Many of the comments about how horrible Christian philosophy is are referring to conservative protestant doctrine. I can see why Catholicism would seem very similar to fundamentalist protestantism to most atheists. On most of the issues where religious folks and atheists frequently clash, they are very similar. Both oppose  gay rights, abortion, reproductive rights in general, secular education, “smut” in the media and many other things near and dear to our heathen hearts. They look quite different from the inside, though. The church services, doctrines and philosophical underpinnings are all only vaguely similar. Catholics have had almost two thousand years to work out something that sounds fairly consistent. They are not Biblical literalists and in many ways, draw more on Aristotle than on the Bible for their most basic ideas. She did not have to accept creationism and the contradictions in the Bible are irrelevant. I doubt the people she talked to spent much time convincing her why birth control is bad, either.
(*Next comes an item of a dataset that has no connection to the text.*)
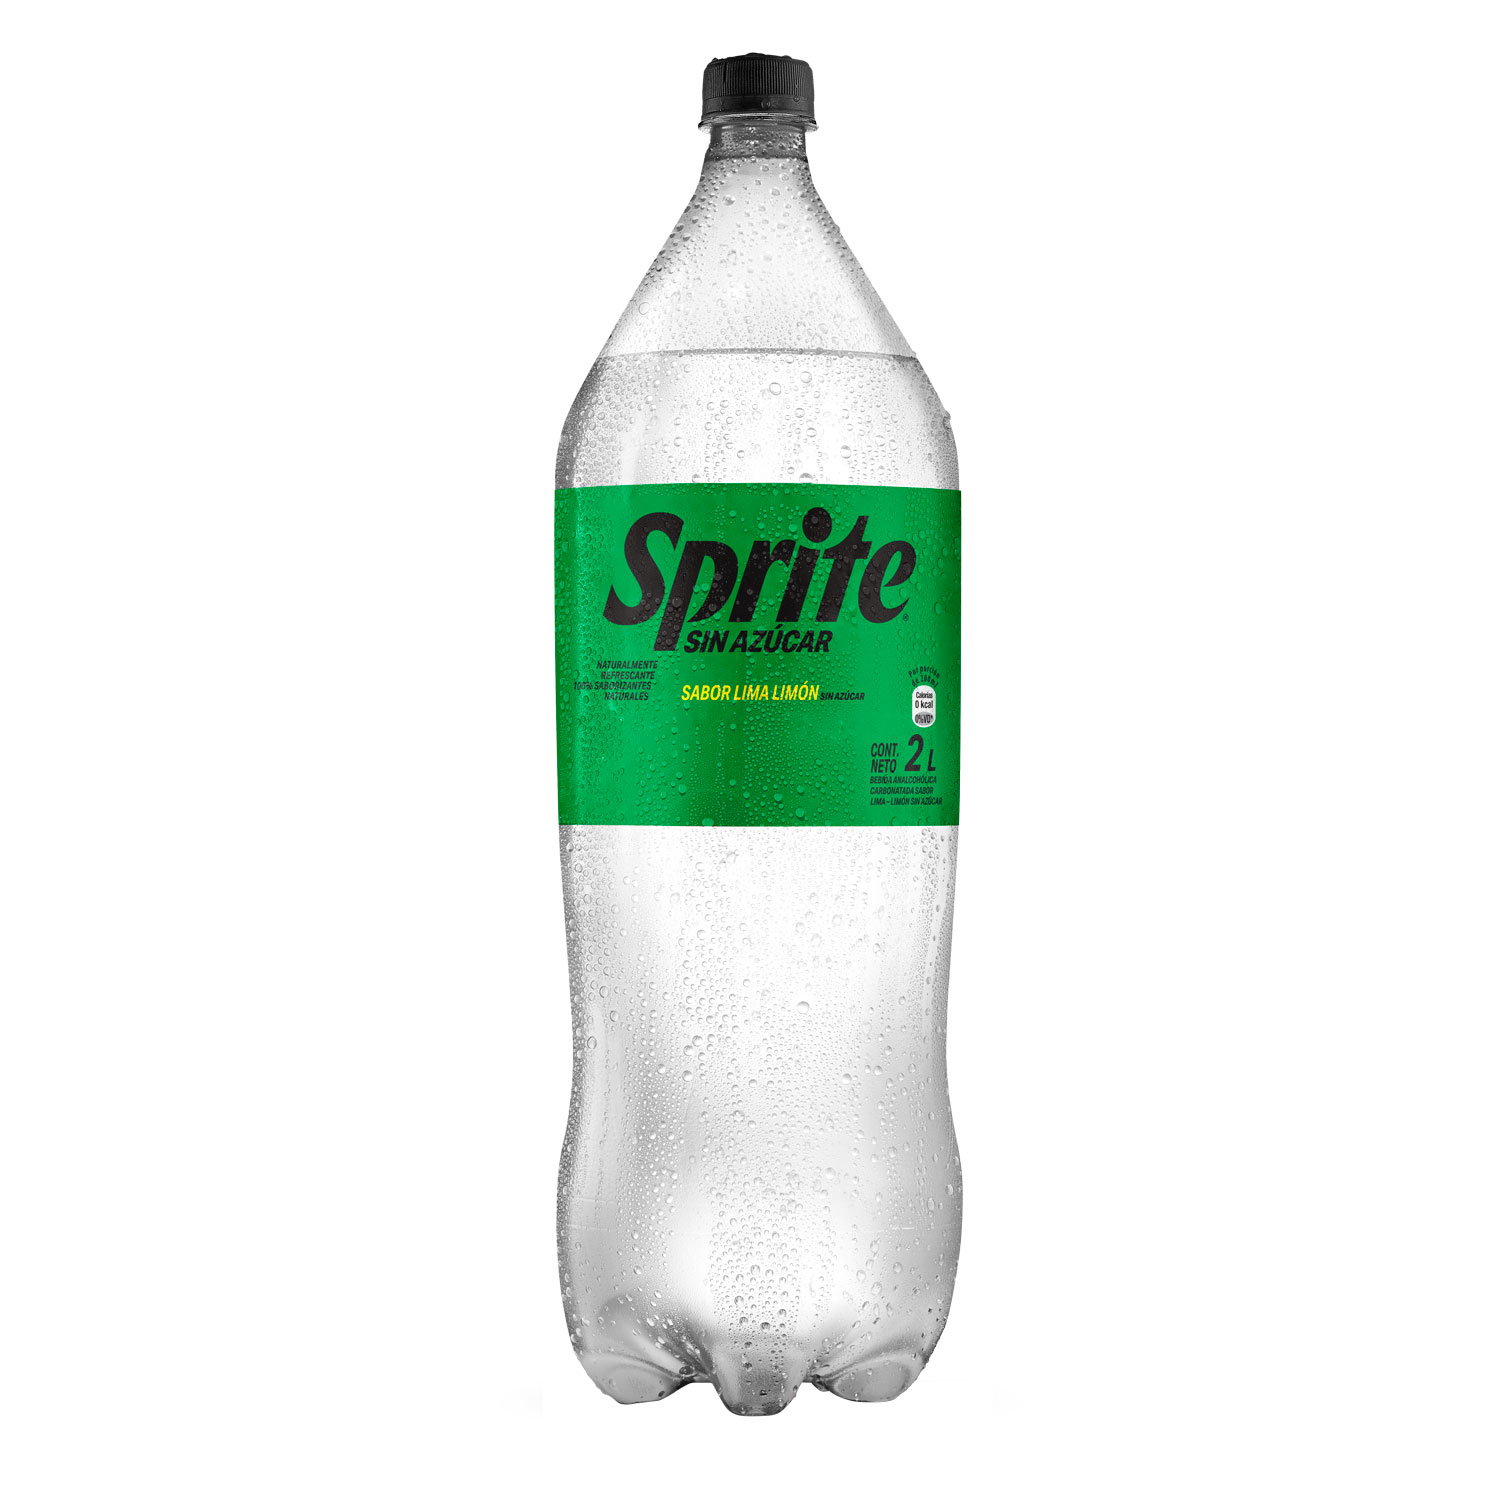 Botella de Sprite Sin Azúcar 2L

The most important point is that this did not happen in a vacuum. She didn’t convert to Catholicism because a priest gave her a good philosophical pitch and she said, “Gee, I never thought about it that way.” Contrary to what many cradle atheists seem to assume, religion is not a set of propositions that people believe because they think there’s good evidence. What very few responses address that a lot of the groundwork was laid while she had a serious long-term relationship with a Catholic. For most of us, our beliefs are formed less by rational evaluation of evidence and more by our biases and what’s convenient to believe. We may think we have evidence, but our reasons are actually post-hoc rationalizations. If this weren’t true, we’d all be on the same page when it came to religion and politics. It’s much easier to believe than idea that’s in your interest than one contrary to your interest. Religion does a lot to make itself attractive, like giving people apparently easy answers to all the questions, which sounds like it was the main draw for her. She didn’t need so much need proof as something that met a minimum standard to allow her to think she was being rational.

Atheists are not part of a team. It’s not a worldview or a philosophical paradigm. We have nothing in common besides lacking a particular kind of belief. Leah’s new beliefs are more dangerous than her old ones, but they aren’t any less justifiable. If anything, they are slightly more. Her Catholicism has only slightly less in common with my atheism than her atheism did. While it’s not good that the Catholics gained another member, we shouldn’t be surprised that plenty of people manage to not believe in God, at least initially, without being committed to critical thinking.

P.S. WordPress spell-check tells me that “protestant” is not a proper noun, but “protestantism” is. I am assuming this is incorrect.

edited to fix a major factual error (I somehow missed that she broke up with her boyfriend) and some writing-style issues.